As an example, consider query protein Q9SL78, whose best BLAST hit in Arabidopsis is P33207. These two proteins have 48% sequence identity and a BLAST E-value in the order of . However, their Jaccard semantic similarity in the BPO is 0.0. They are also dissimilar in the other two GO branches, as they are involved in different reactions and are present in different cell compartments. On the other hand, SSP chose Q5EAE9 as the nearest neighbor of Q9SL78. These two proteins have exactly the same GO annotations: GO: 0016567 and GO: 0043161, and they both belong to the ATL subfamily of the RING-type zinc finger family. However, they have lower sequence similarity than the query and P33207 (39%). Their profile similarity was more similar, though. Importantly, they are both roughly equally similar (∼40%) to all the remaining members of the ATL subfamily, 30 of which were present in the training set in this case. As shown in Supplementary Figure S25 (Supplementary Material SM16), the proteins are similar on a specific part of their sequence, which corresponds to a zinc finger domain. Because SSP looks at the similarity to all proteins and not the most similar one, and because many members of the same subfamily were available in the training set, SSP was able to identify the correct protein in this case.
4 Discussion
We presented new AFP methods that exploit the similarities between GO terms (LSDR techniques) and between proteins (SSP representation) to predict GO annotations for new, unannotated proteins. We benchmarked the new methods to MS-kNN (Lan et al., 2013), one of the top-performing methods in CAFA2, as well as to BLAST-based baseline methods, under different evaluation set-ups and metrics. We showed that LSDR remarkably improves CAFA performance of all tested methods in predicting BPO annotations and that SSP outperforms the baselines in A.thaliana.
4.1 LSDR
AFP is a special case of multi-label learning due to the additional constraint that the labels are by definition organized in a DAG structure. This is also known as structured output learning (Tsochantaridis et al., 2004). Several solutions have been proposed to tackle this problem.
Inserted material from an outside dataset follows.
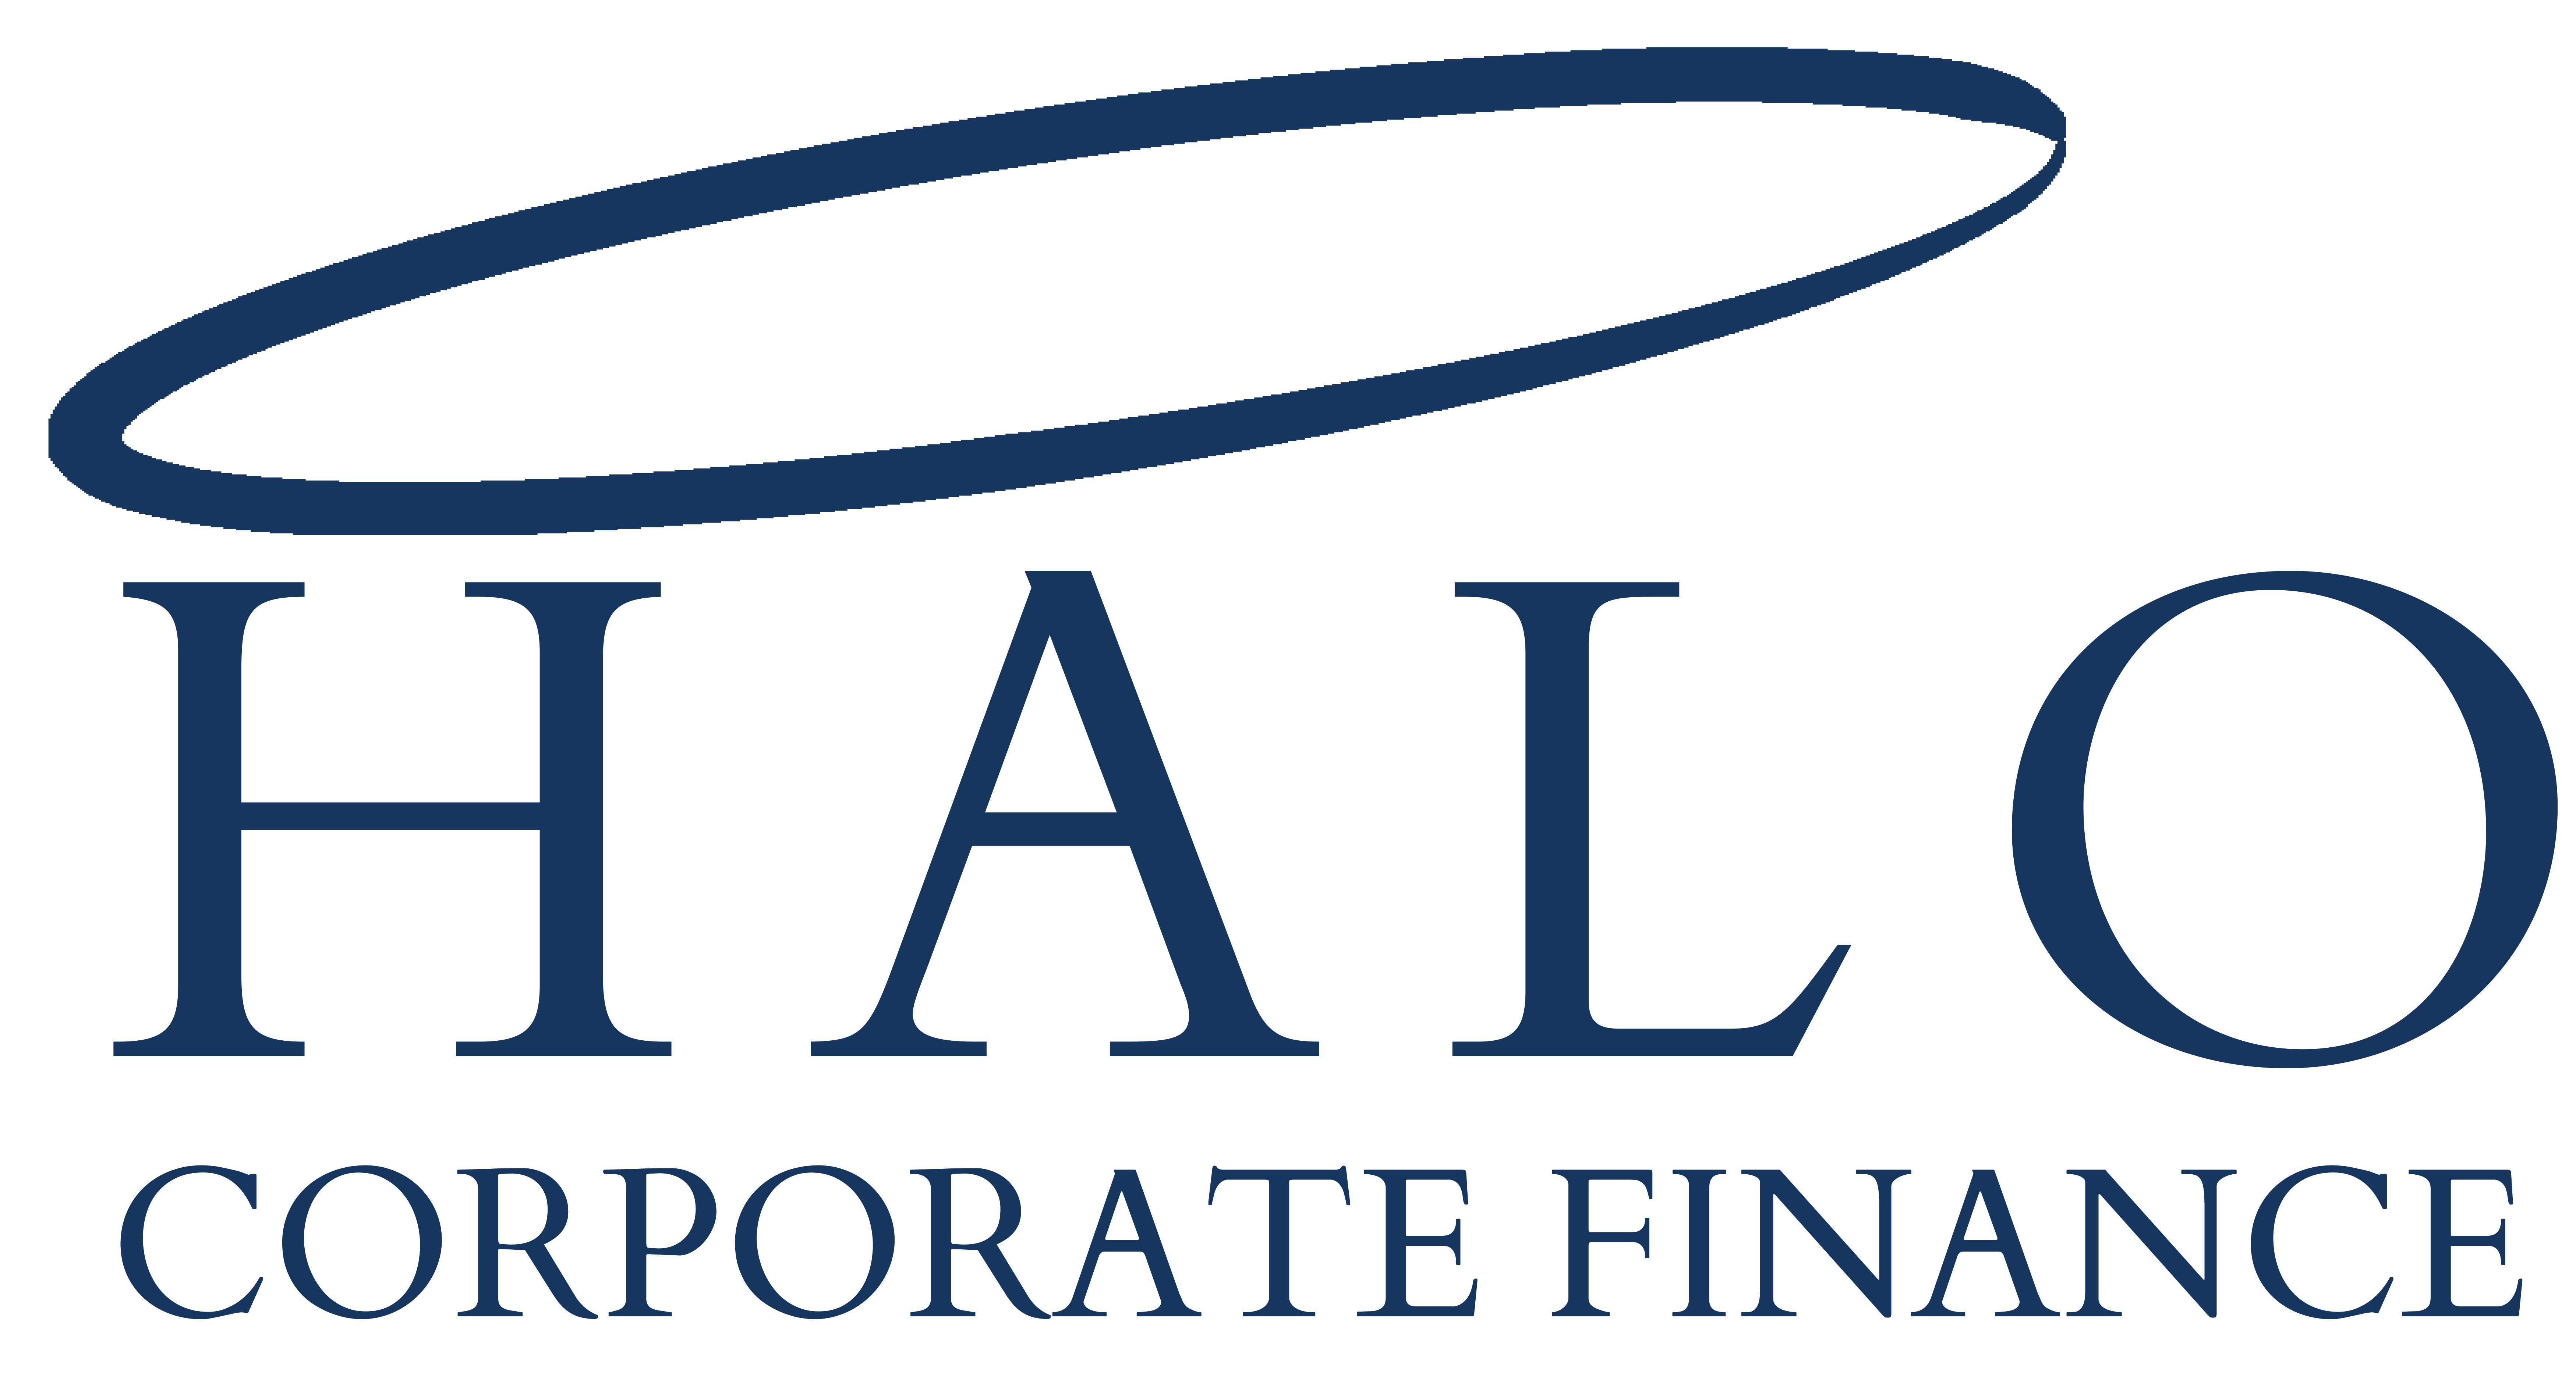 Halo Corporate Finance Ltd
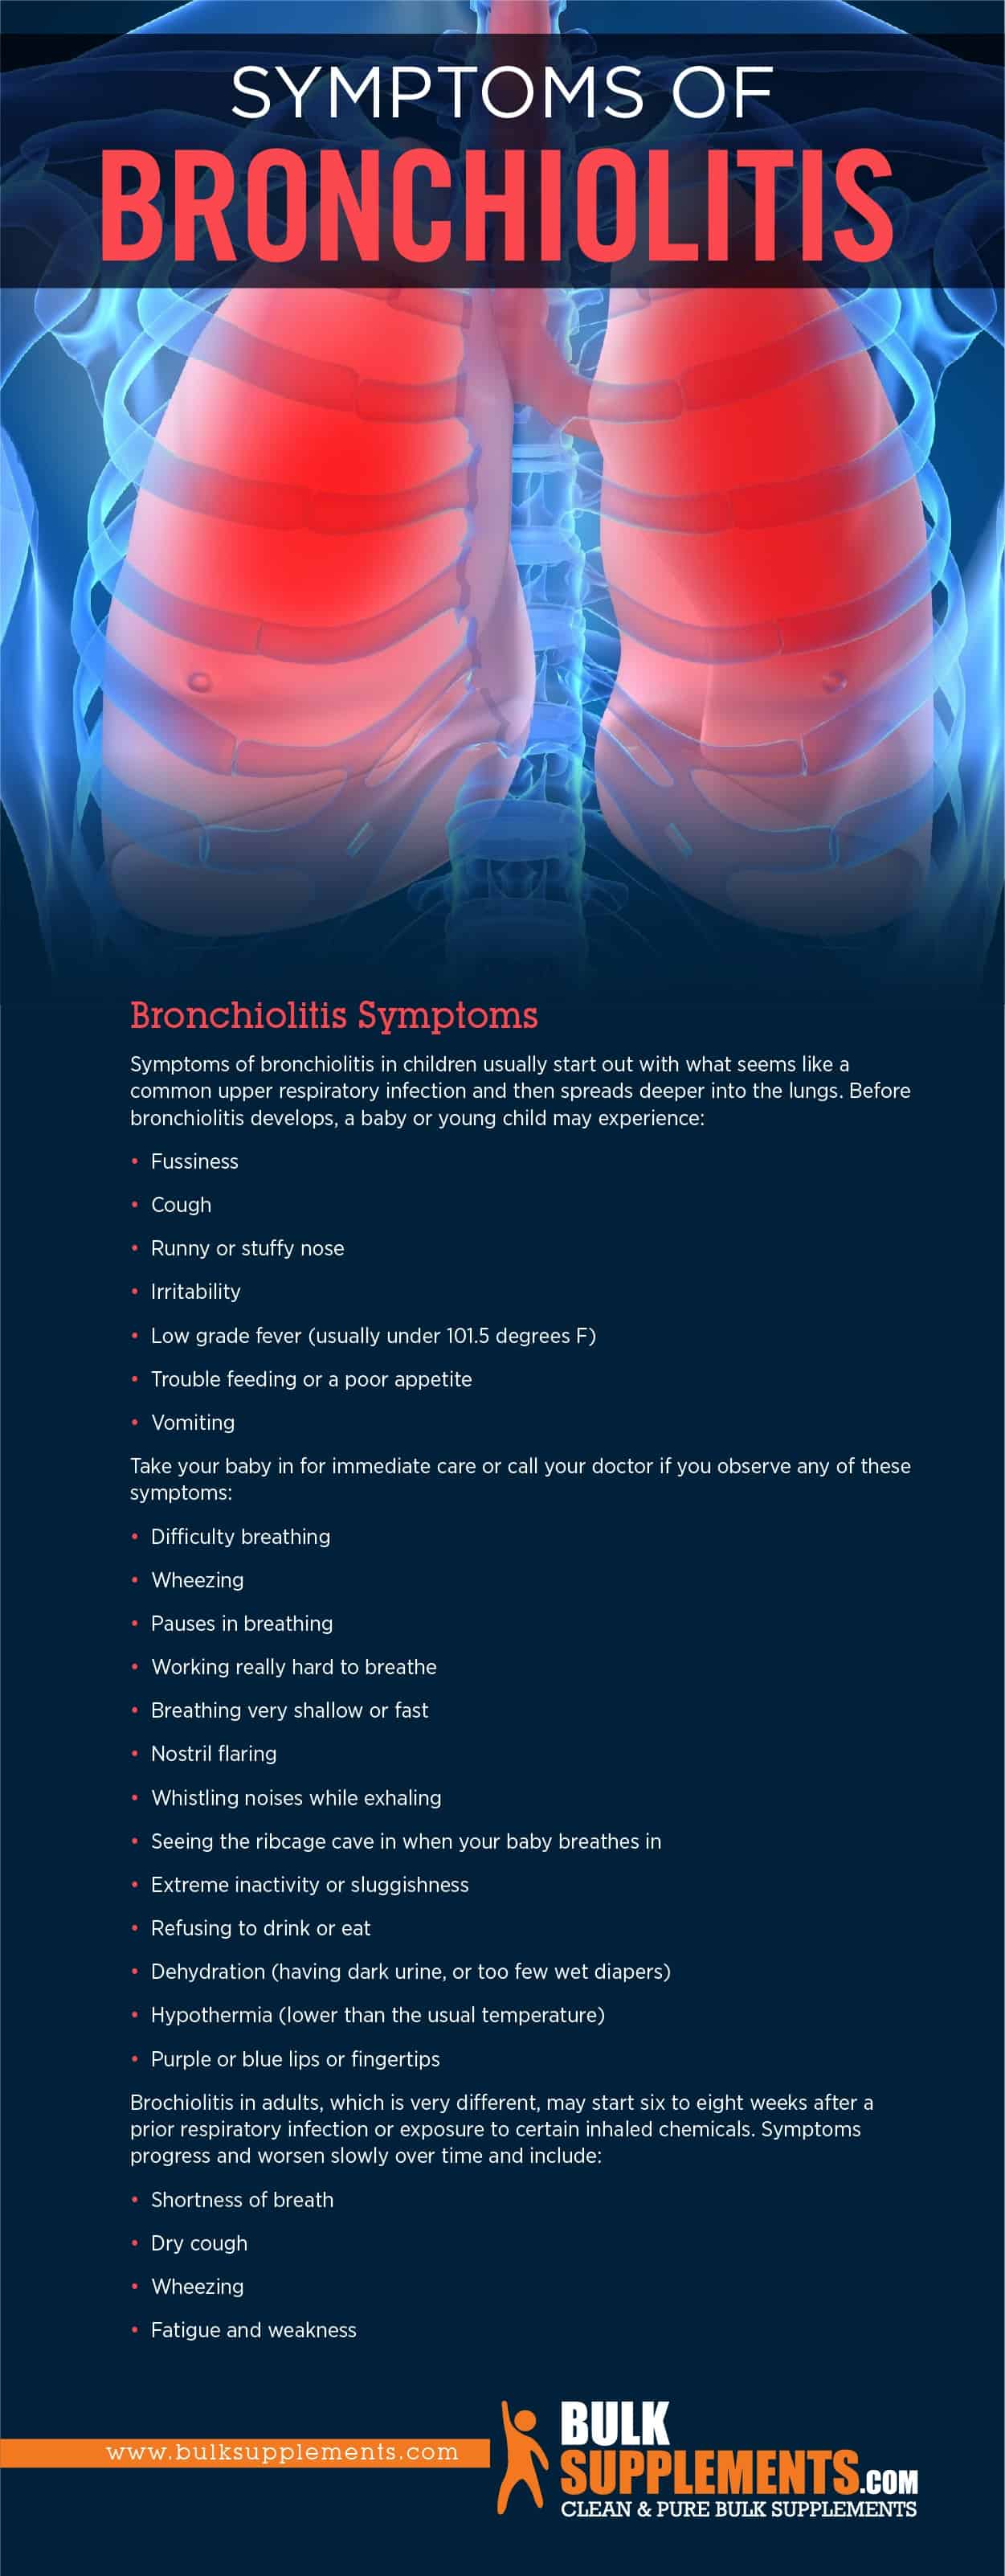 Symptoms of Brochiolitis

Vens et al. train a separate binary decision tree classifier for every GO term, but they use as training examples only the proteins that are annotated with all the parents of the term (Vens et al., 2008). This might lead to problems due to lack of negative examples in tree-shaped sub-branches of the DAG (where each node has exactly one parent). Other work by Zhang et al. trains independent binary predictors for each label and then attempts to reconcile conflicting predictions by solving a regression problem from the outputs of the predictors to the true labels using an L2 penalization of predictions that do not respect the hierarchy (Zhang et al., 2017). Recently, it was proposed to train a multi-label classifier for every level of the GO (i.e. first on all terms of distance 1 to the root, then all terms of distance 2 and so on) (Cerri et al., 2016; Rifaioglu et al., 2017). This approach suffers from the lack of negative examples as well. A simpler and faster approach, which was also used here, is to force the posterior probability of a label to be greater or equal to the maximum posterior probability of all its descendants (Kulmanov et al., 2017).
The machine learning community has produced many interesting methods on how to reduce the number of target variables in a multi-label problem (LSDR), e.g. Zitnik and Zupan used LSDR implicitly to integrate several data sources for AFP (Žitnik and Zupan, 2015). Each data source (including the label matrix Y) is represented by a lower-dimensional representation, whose dimensionality is a parameter of the algorithm. This method has high computational demands as it requires solving an optimization task during training as well as one more for every query protein (Žitnik and Zupan, 2015).
The first DAG-aware LSDR work applied to AFP was by Bi and Kwok and was tested on a yeast dataset (Bi and Kwok, 2011). Recently, a study by Yu et al. learned a lower-dimensional embedding of the DAG structure and used it to reduce the dimensionality of the label-space (Yu et al., 2017). They then used semantic similarity in the reduced space to infer new functions for already annotated proteins. Our GOAT approach combines the benefits of the work of Bi and Kwok and those of PLST (Tai and Lin, 2012), by finding projections where the variance in the label-space is high, but also making sure that terms connected by an edge in the DAG are ‘pushed’ toward similar directions.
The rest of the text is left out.